## [MATERIAL FOR THE TASK]

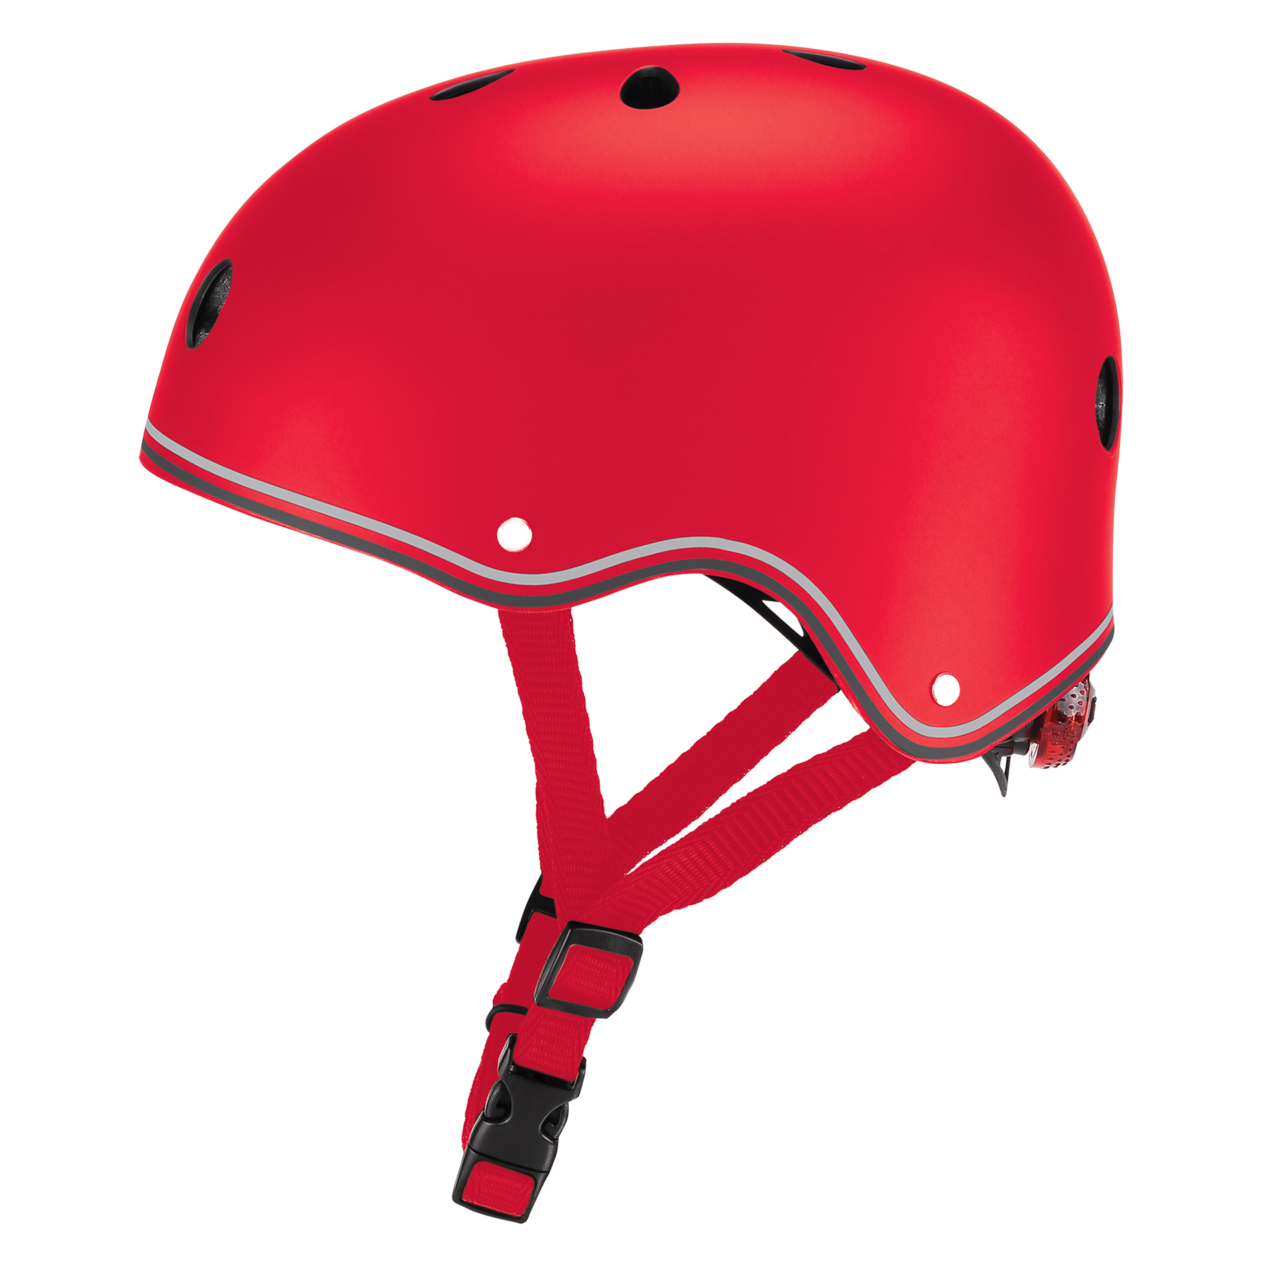 505 102 Kid Scooter Helmets With Adjustable Knob
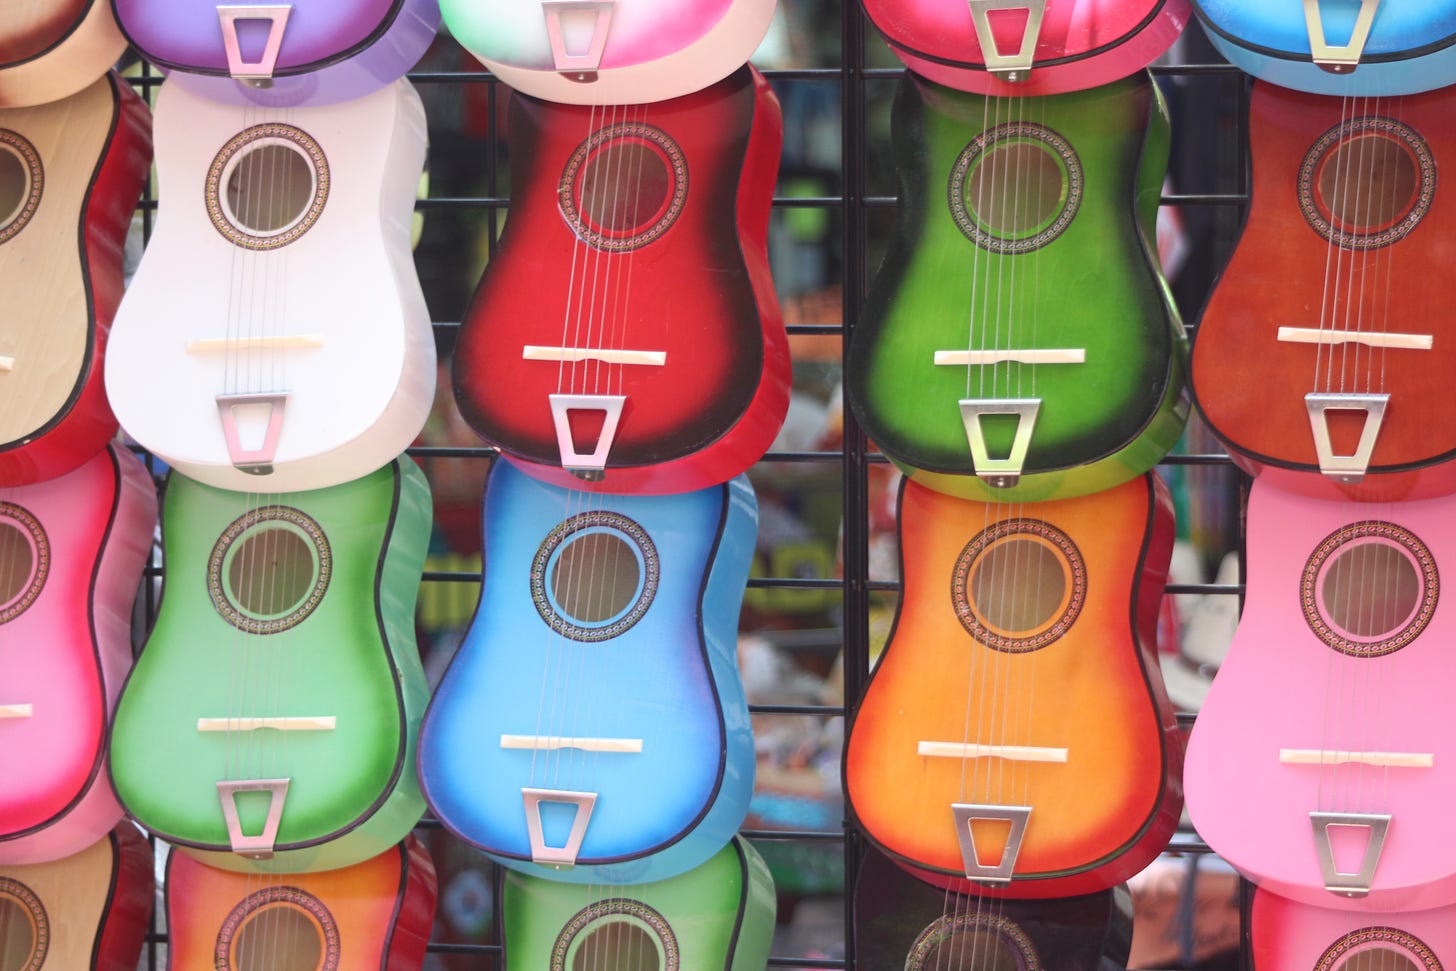 Lots of colourful ukuleles
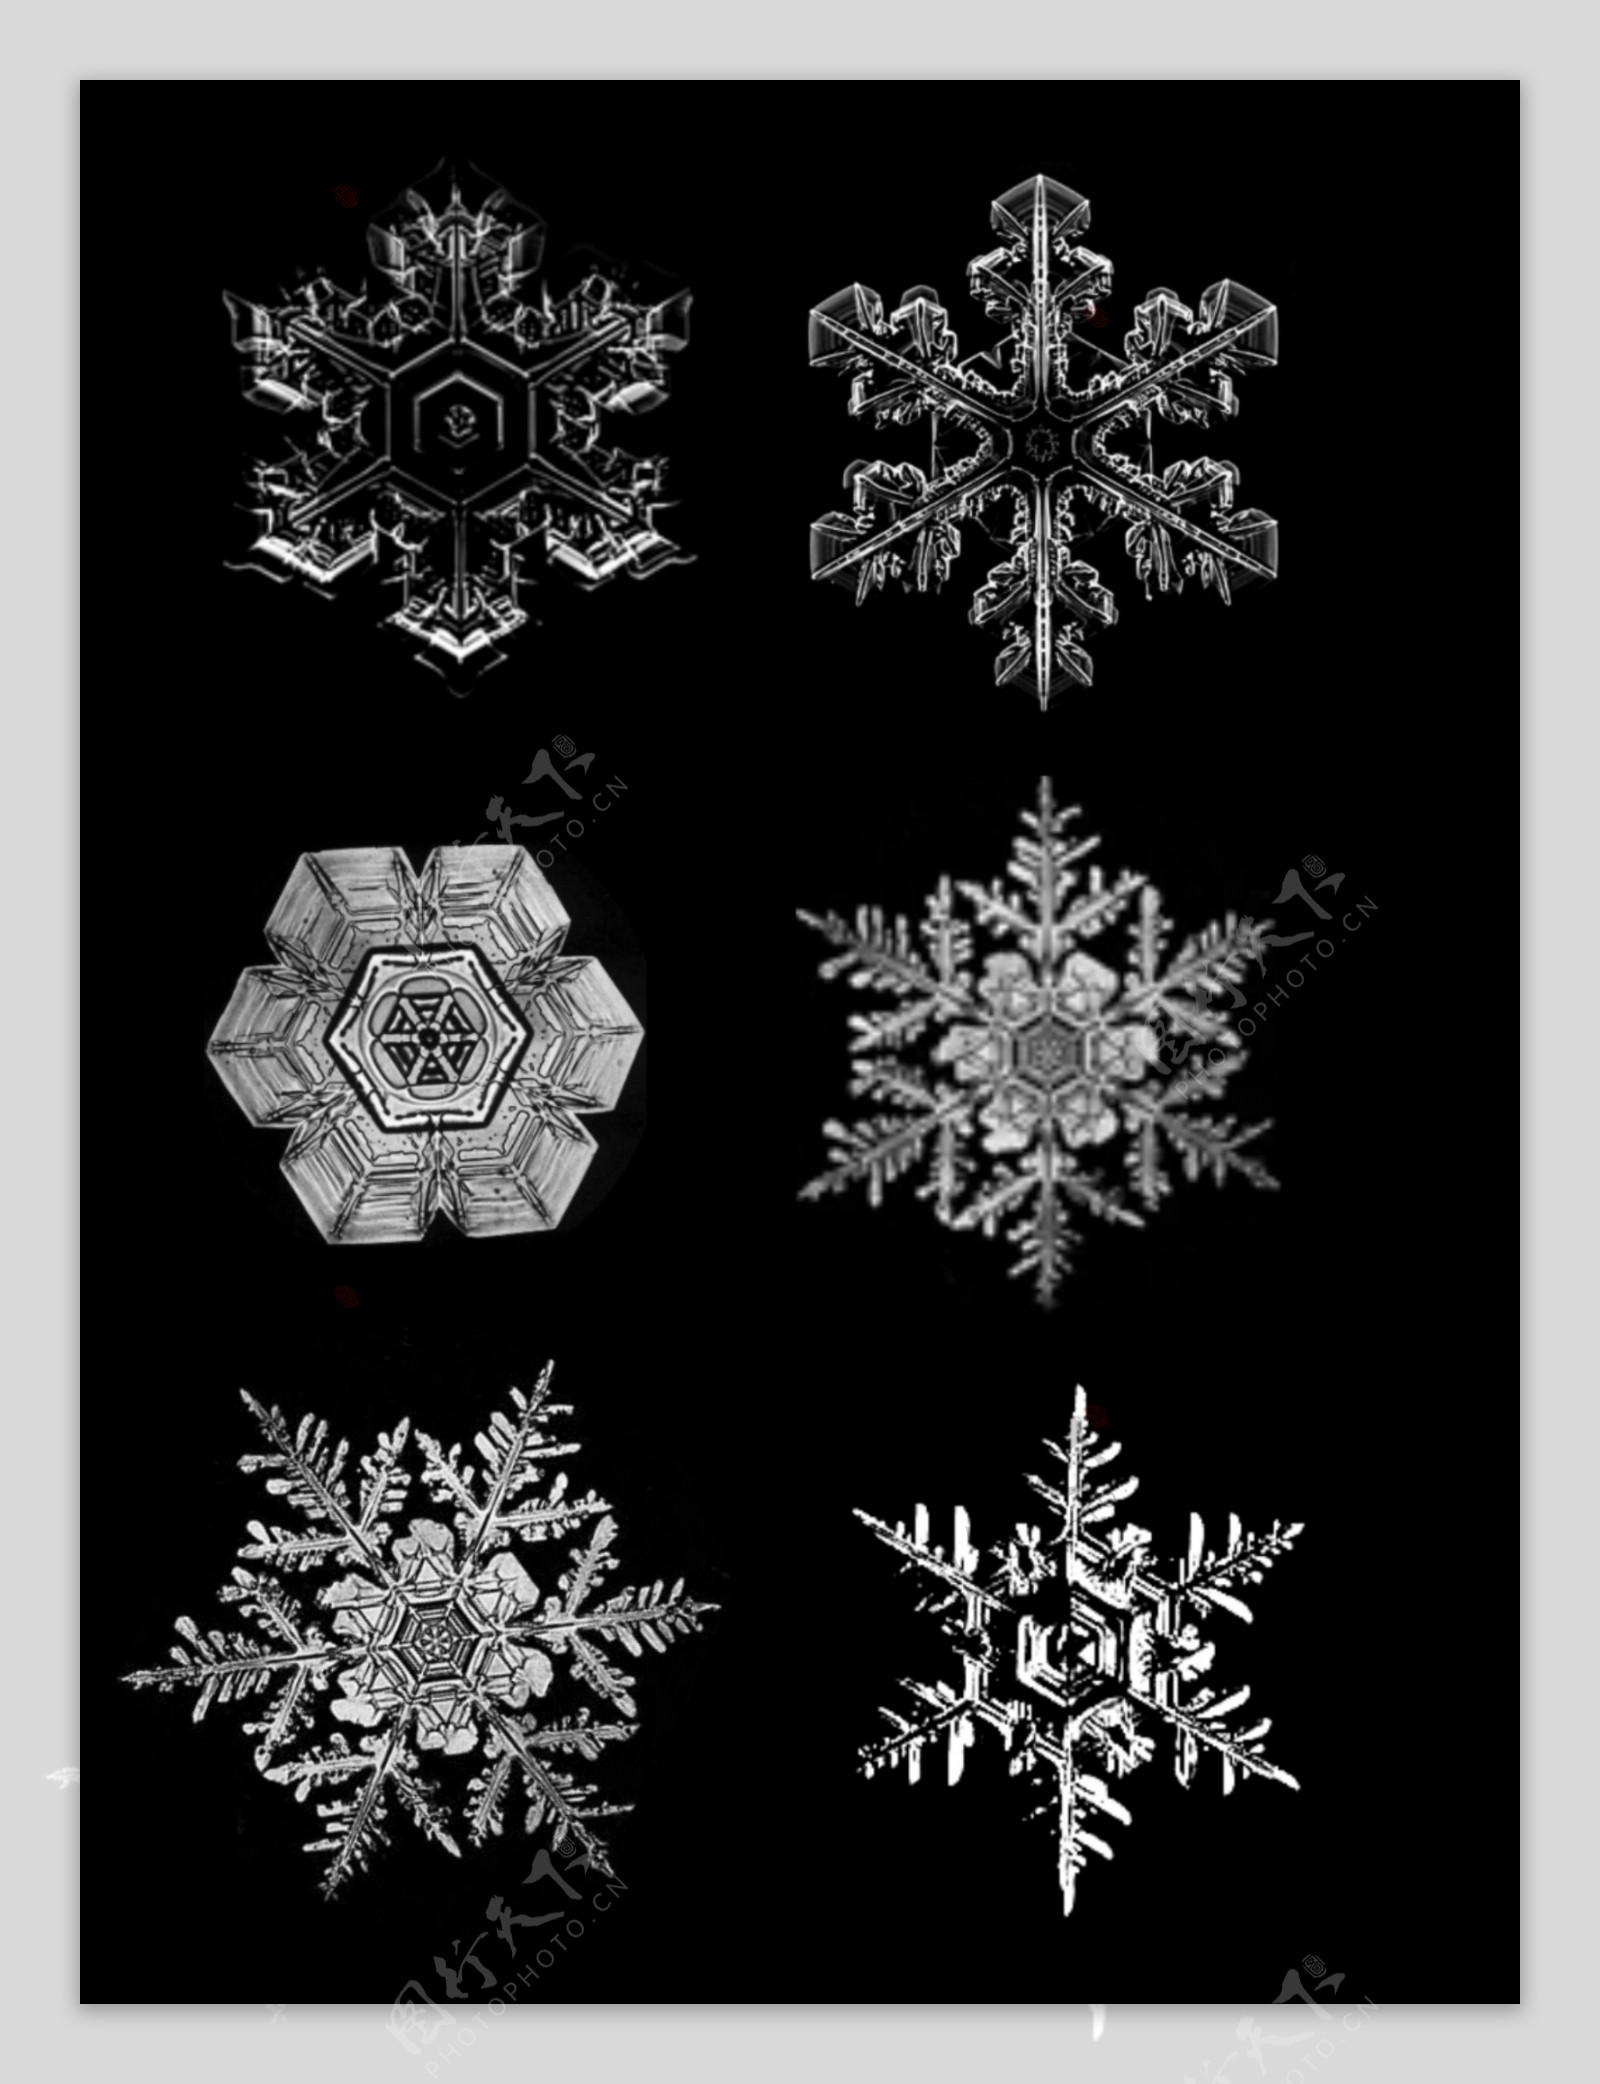 仿真冰晶冬季雪花图装饰元素
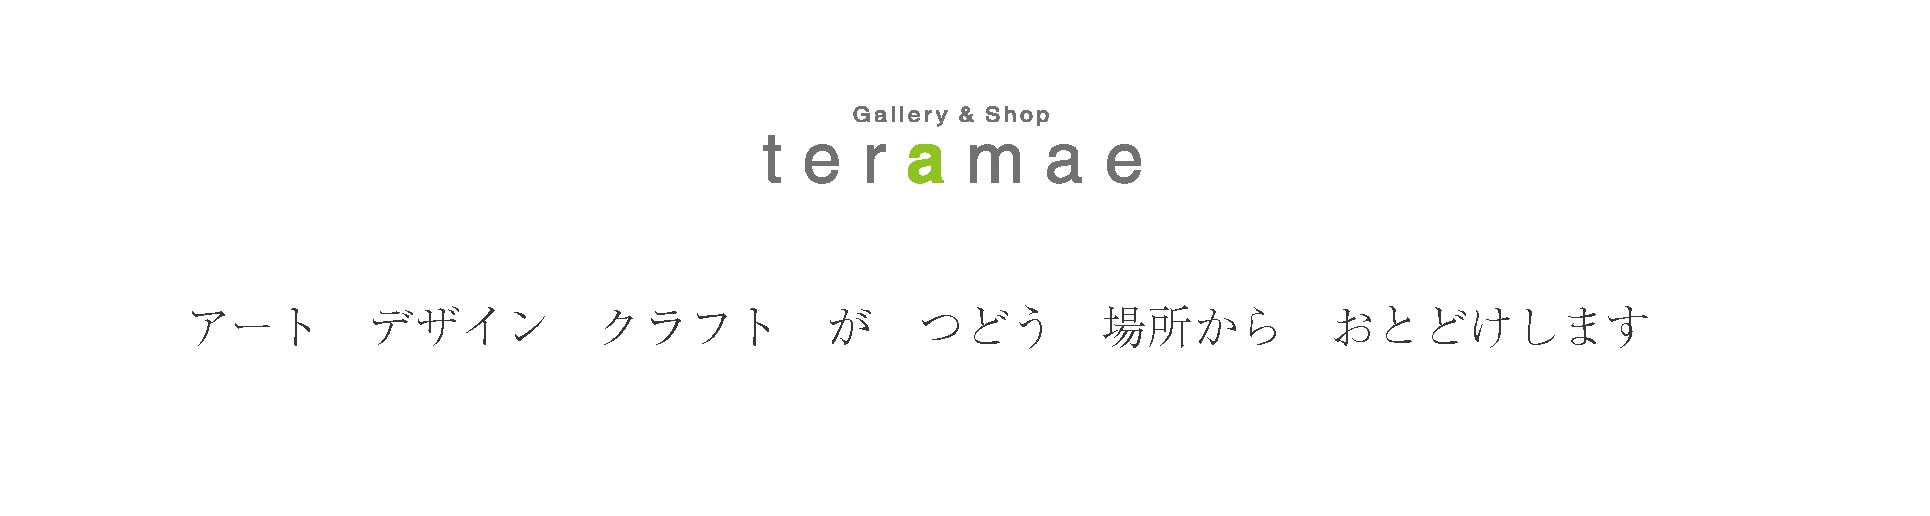 gallery&shop teramae
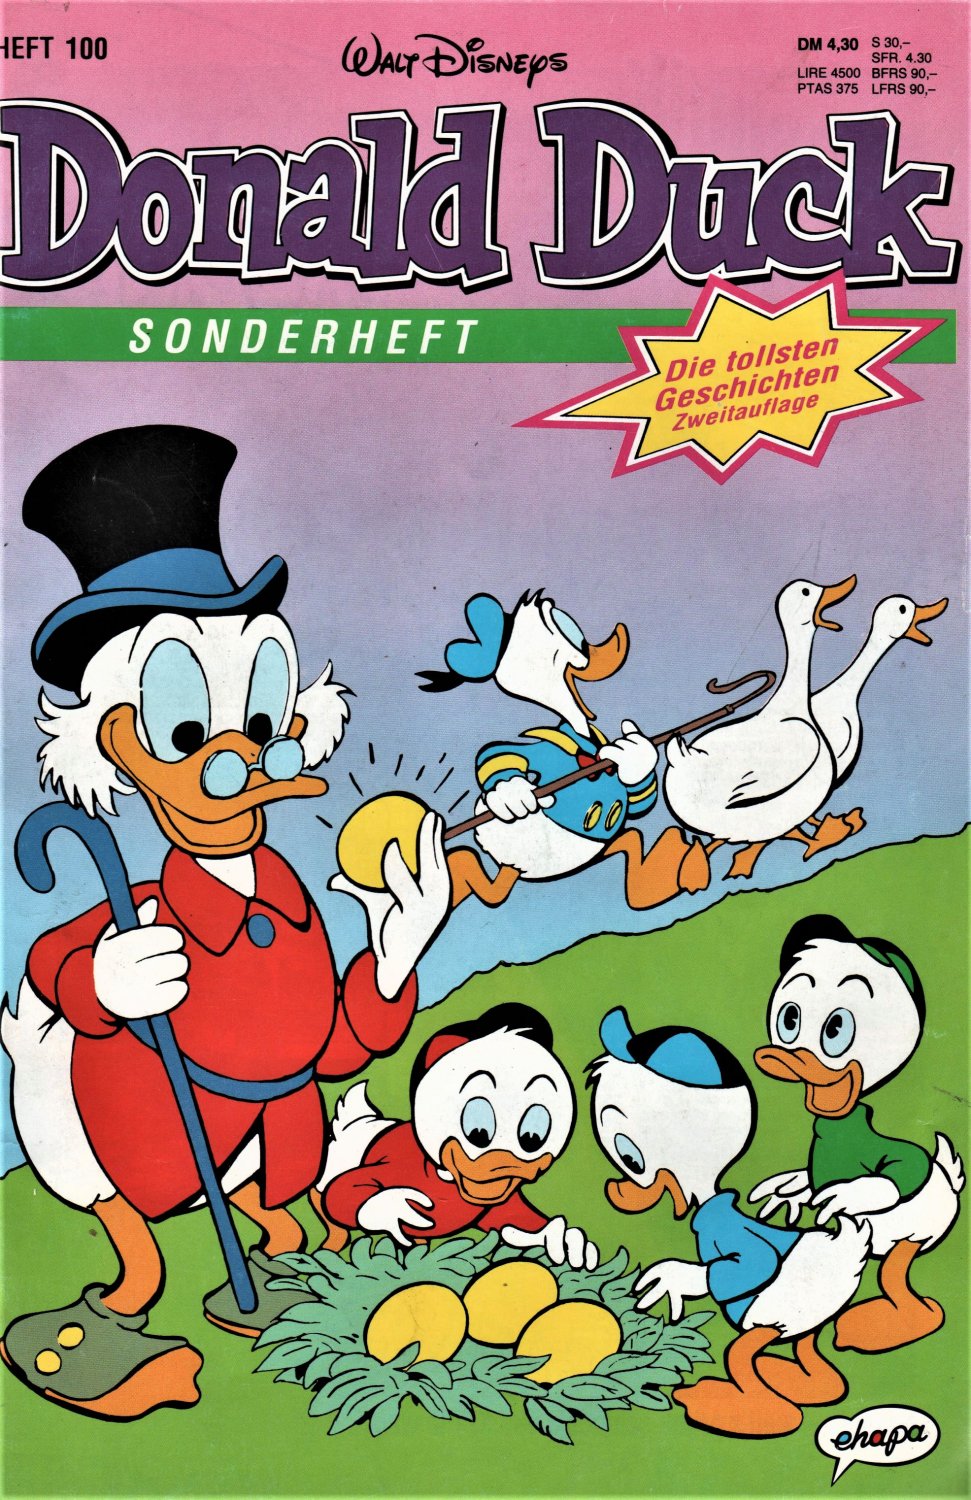 Sonderheft 89 1  x Comic z 1 Die tollsten Geschichten von  Donald Duck

## [PROBLEM DESCRIPTION]
Leave out the pictures, and retype exactly the lines from the one containing "gallery&shop teramae" through the last line of the data above, no more and no less.

## [RESPONSE TO THE EXERCISE]
 gallery&shop teramae
 Sonderheft 89 1  x Comic z 1 Die tollsten Geschichten von  Donald Duck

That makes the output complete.